Reproduce the listing that follows word for word, without its pictures.

• **Data block**
=-=-=-=-=
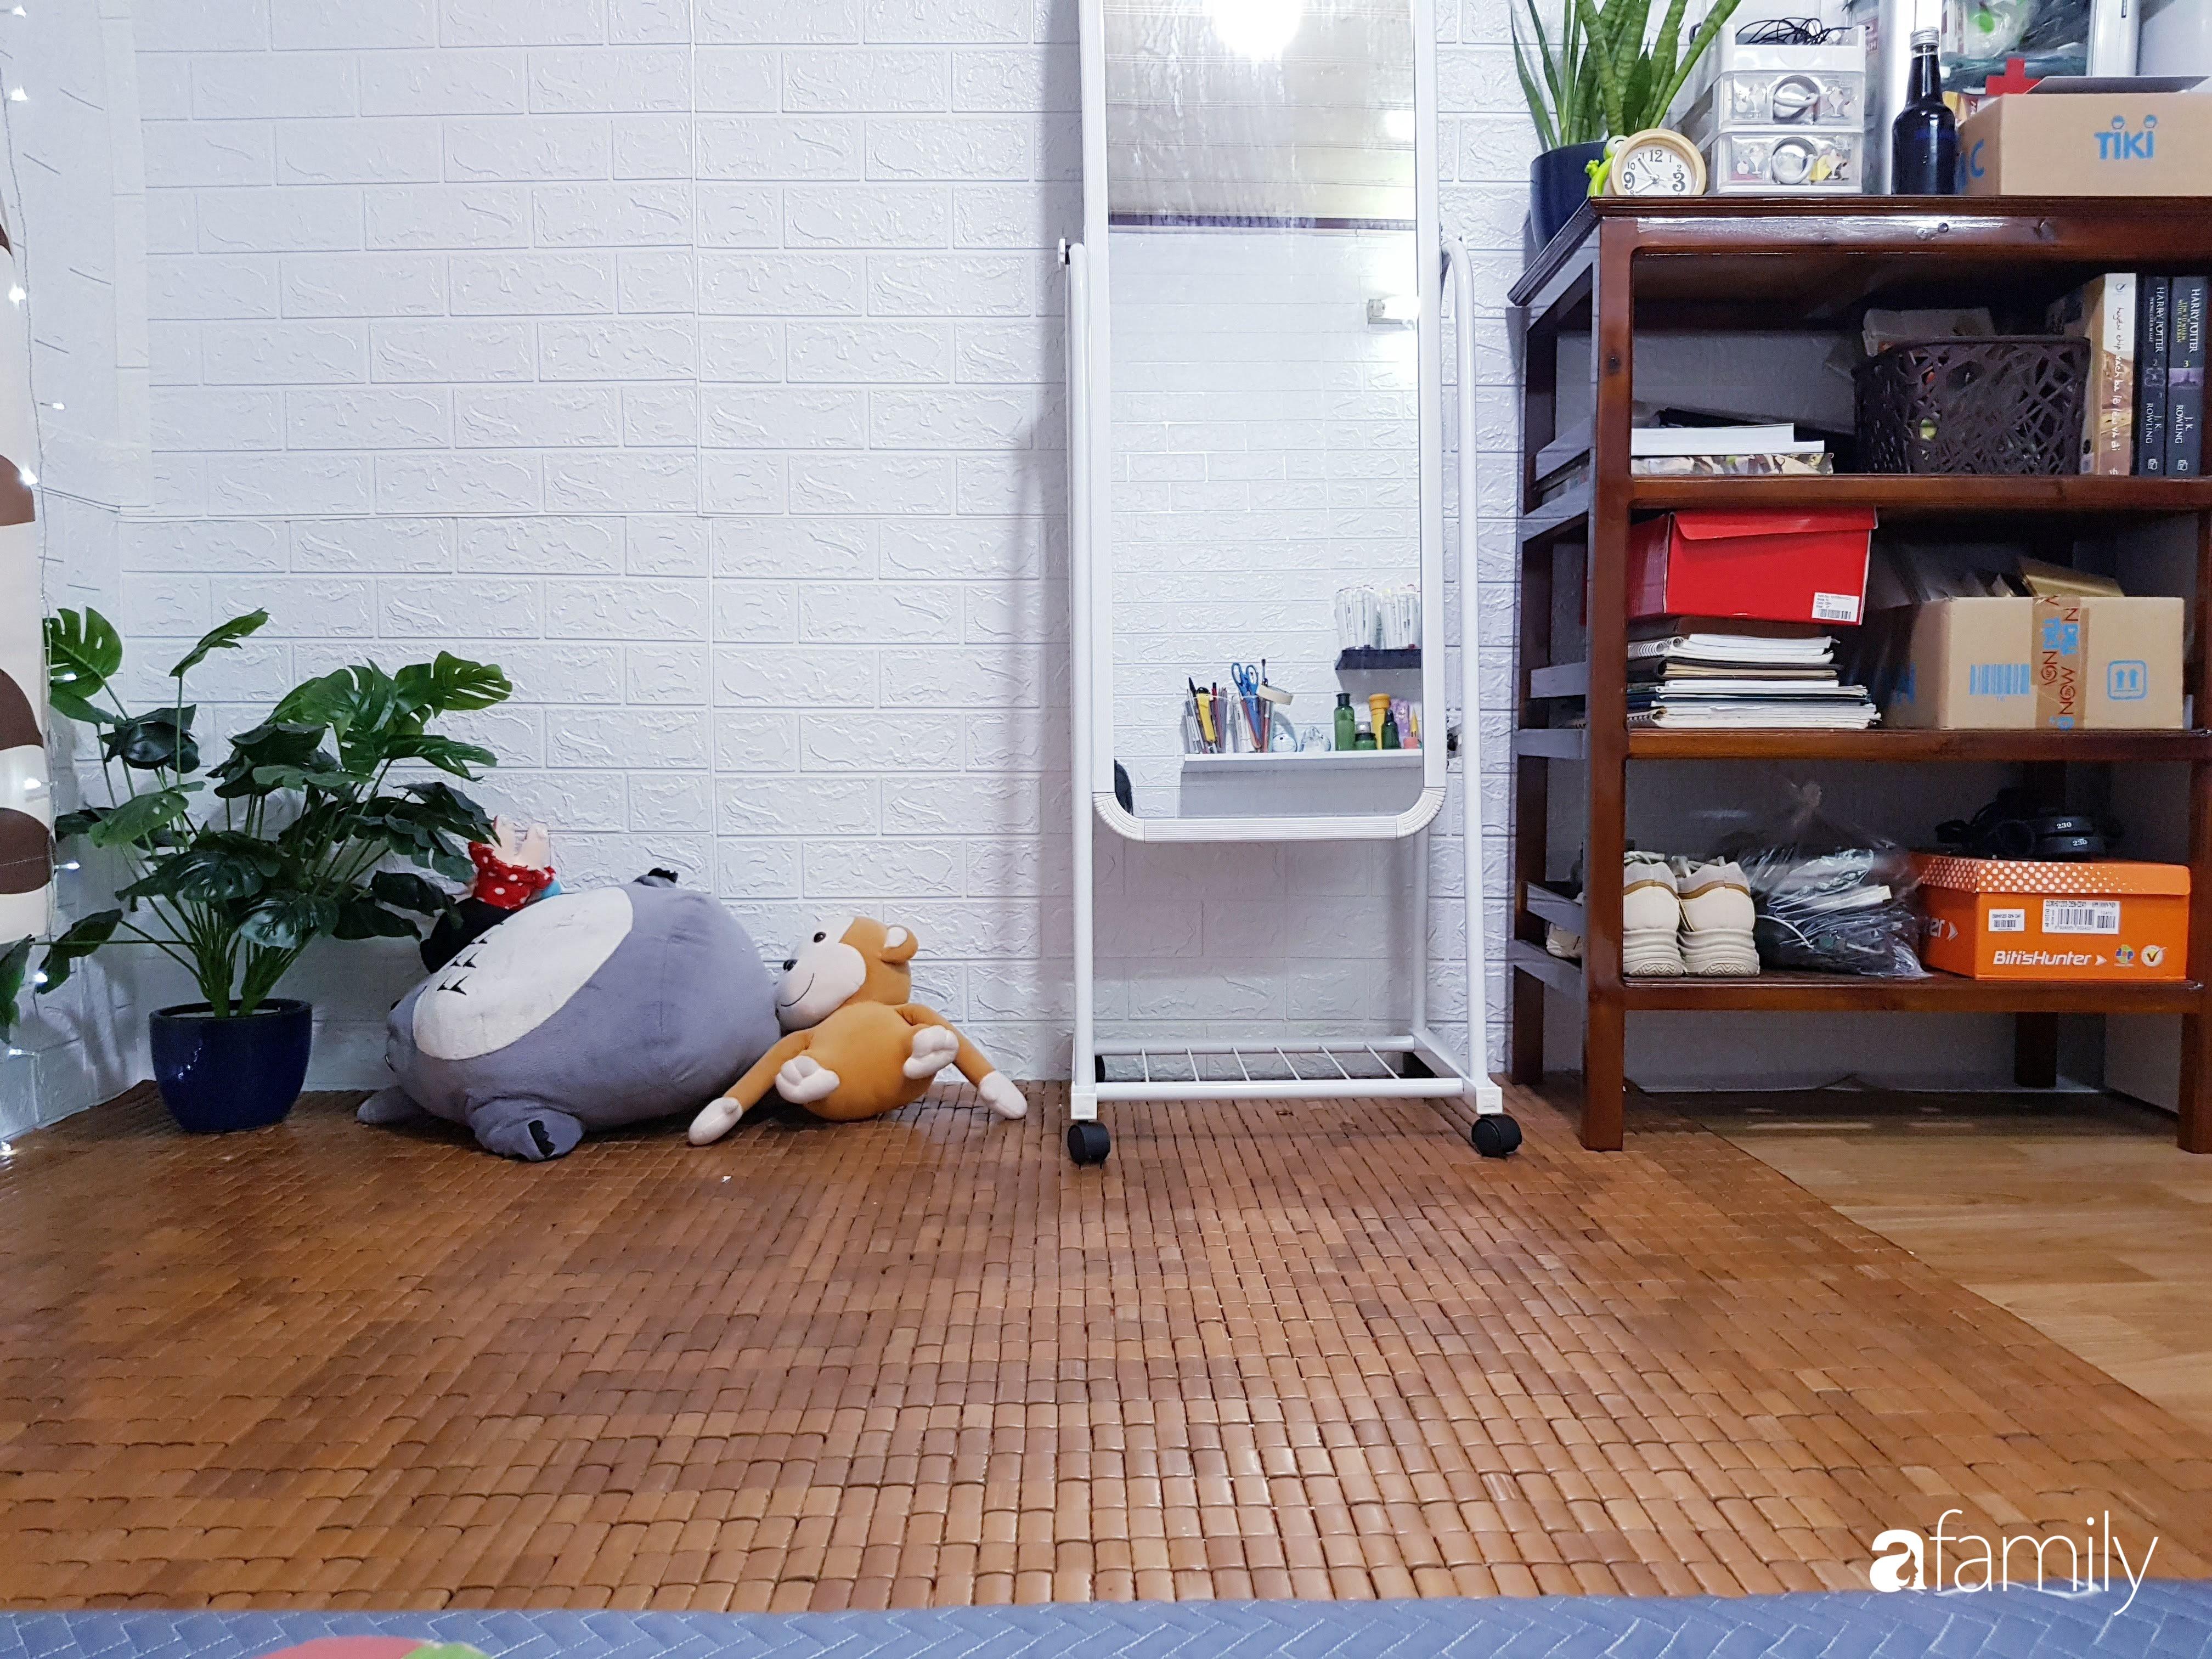 Chỉ với hơn 3 triệu và bí quyết cải tạo phòng ngủ thành không gian ngọt ngào, lãng mạn của cô gái Sài Gòn - Ảnh 5.
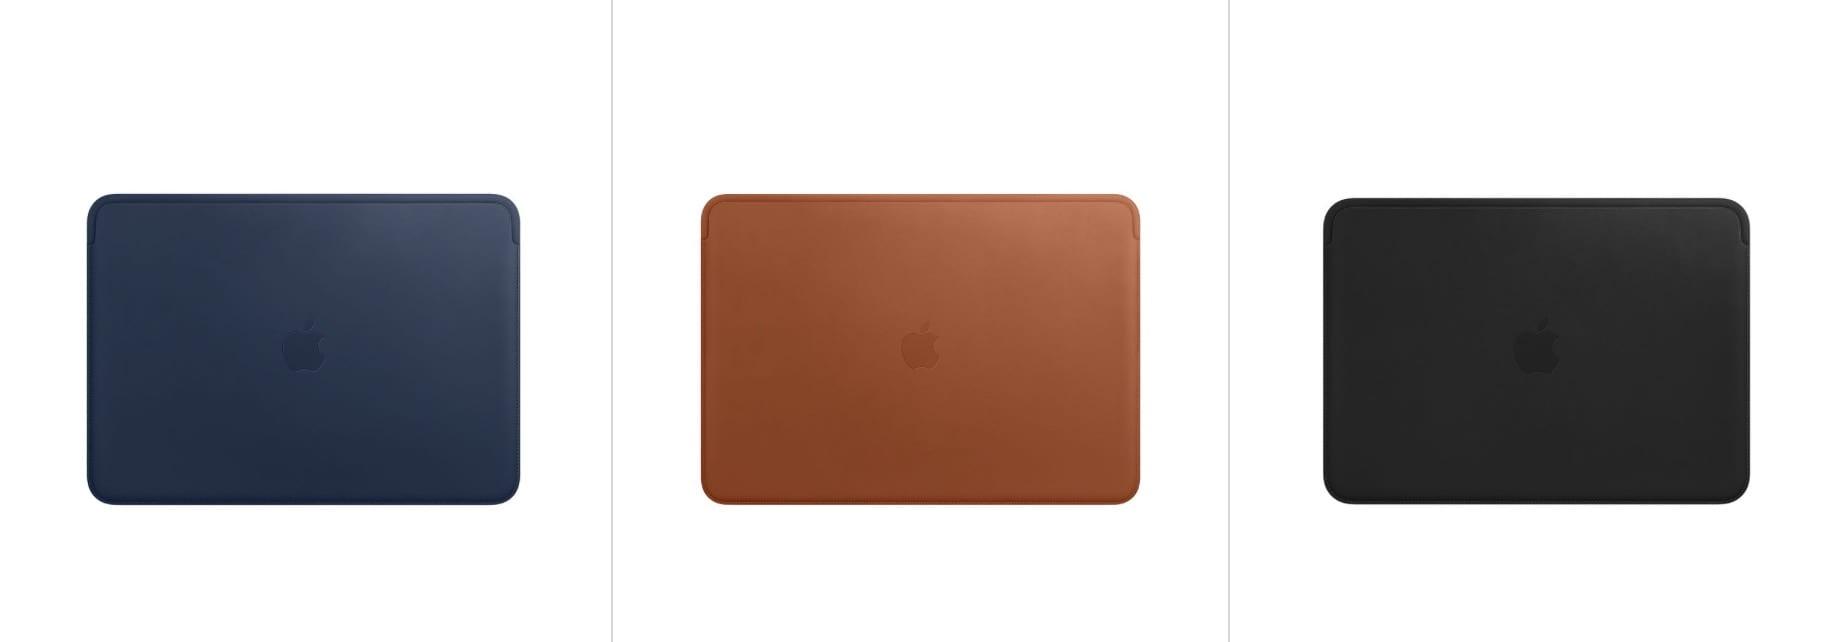 macbook pro 2018 leather sleeve - Dostupné sú nové kožené obaly pre MacBook Pro a MacBook
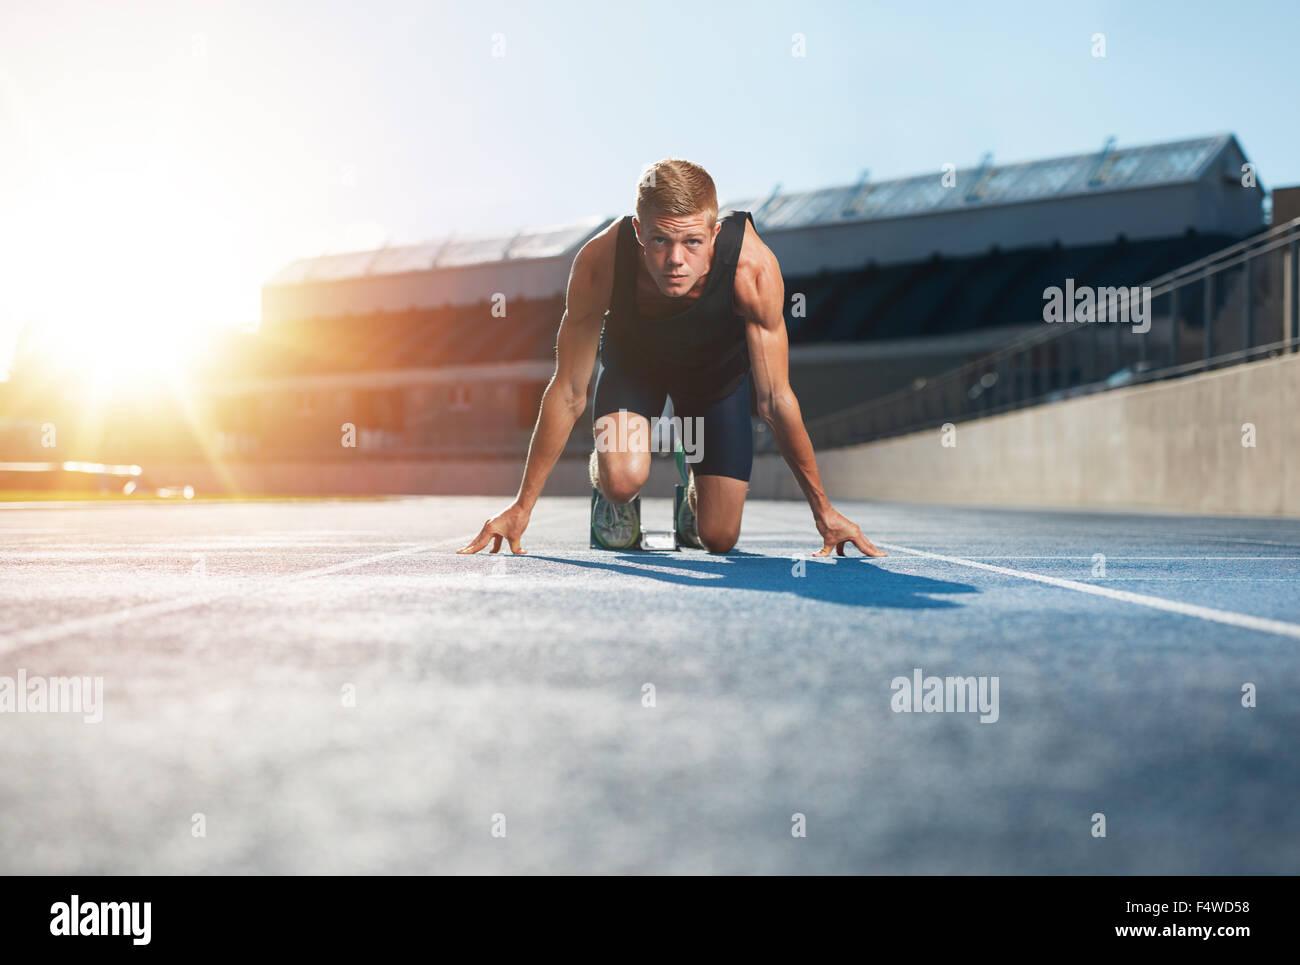 Joven atleta en posición inicial listo para comenzar una carrera. Velocista masculino preparado para una carrera Imagen De Stock
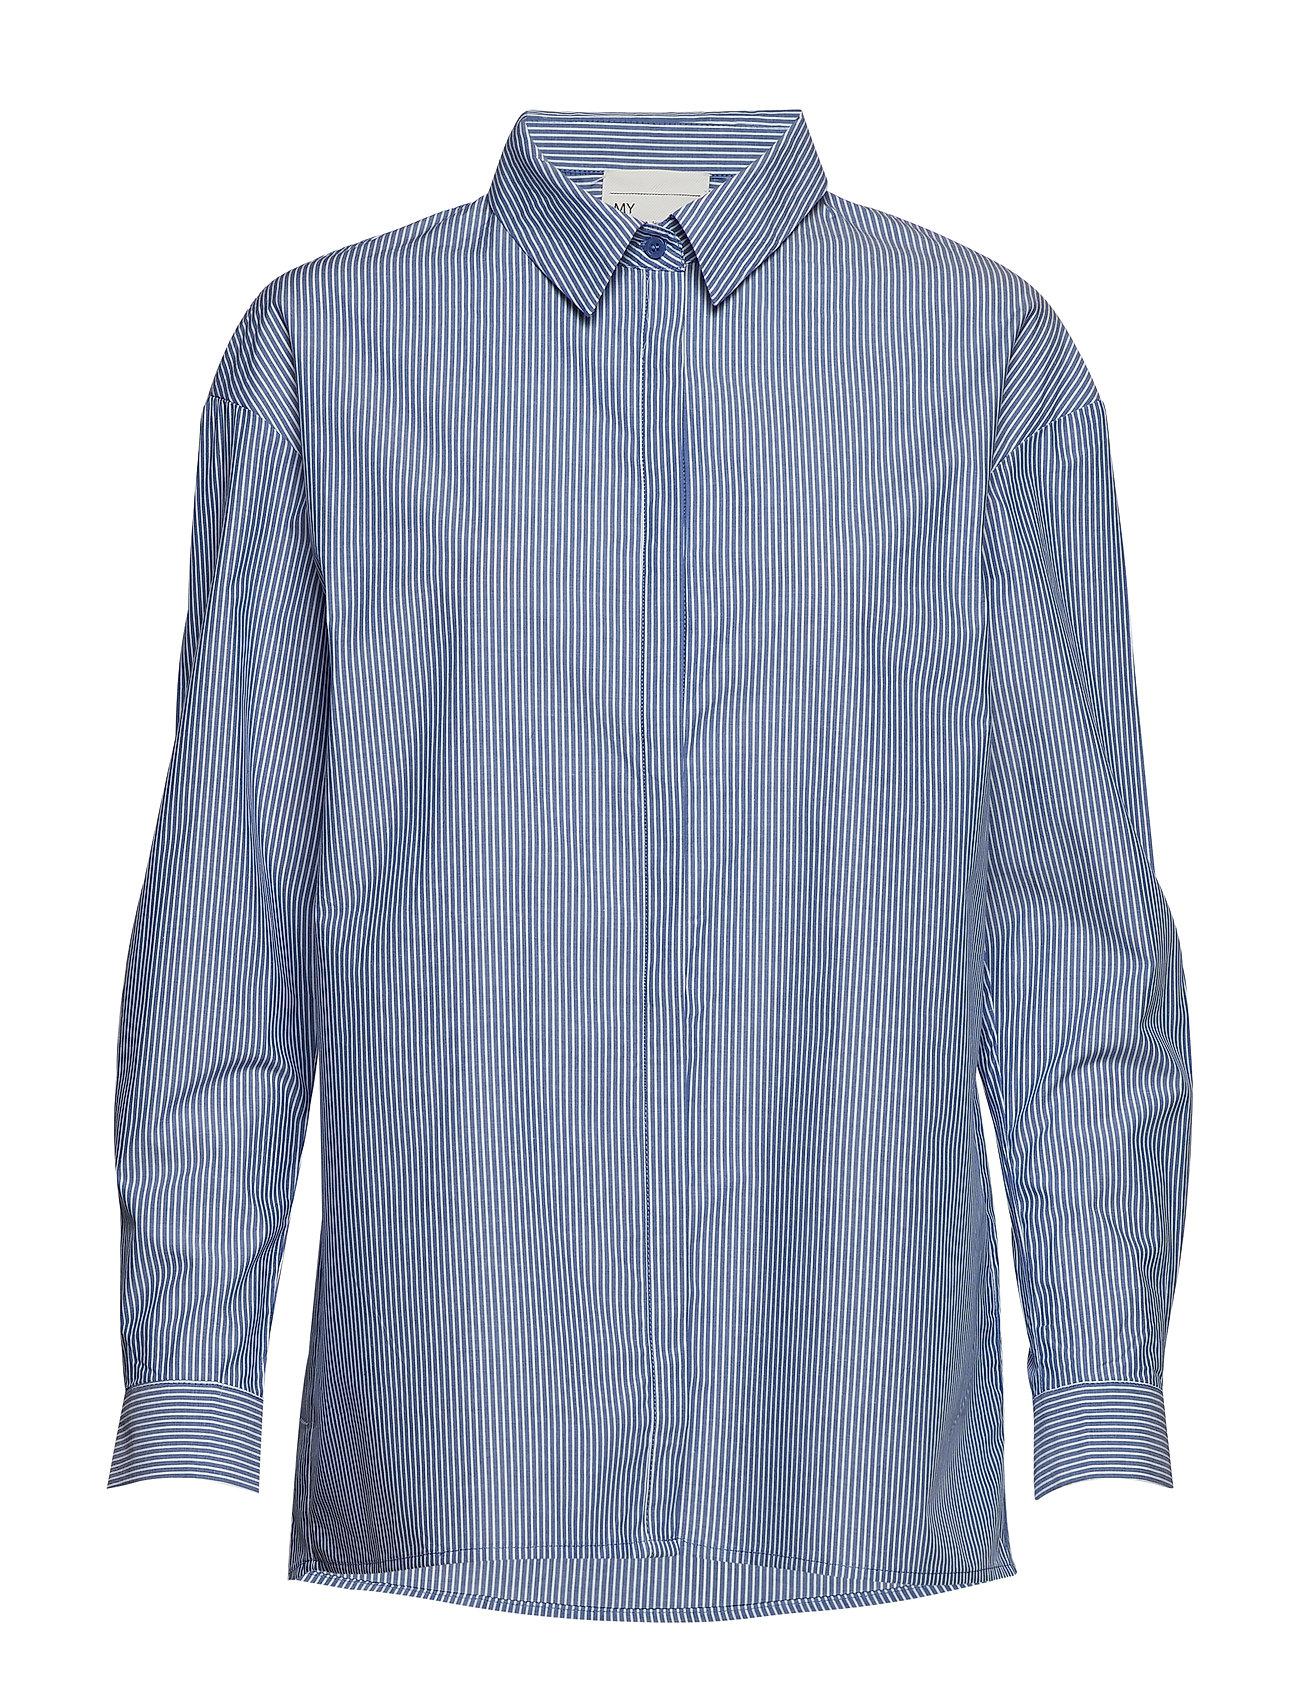 03 The Shirt Pitkähihainen Paita Sininen Denim Hunter
=-=-=-=-=
• **Task output**
 Chỉ với hơn 3 triệu và bí quyết cải tạo phòng ngủ thành không gian ngọt ngào, lãng mạn của cô gái Sài Gòn - Ảnh 5.
 macbook pro 2018 leather sleeve - Dostupné sú nové kožené obaly pre MacBook Pro a MacBook
 Joven atleta en posición inicial listo para comenzar una carrera. Velocista masculino preparado para una carrera Imagen De Stock
 03 The Shirt Pitkähihainen Paita Sininen Denim Hunter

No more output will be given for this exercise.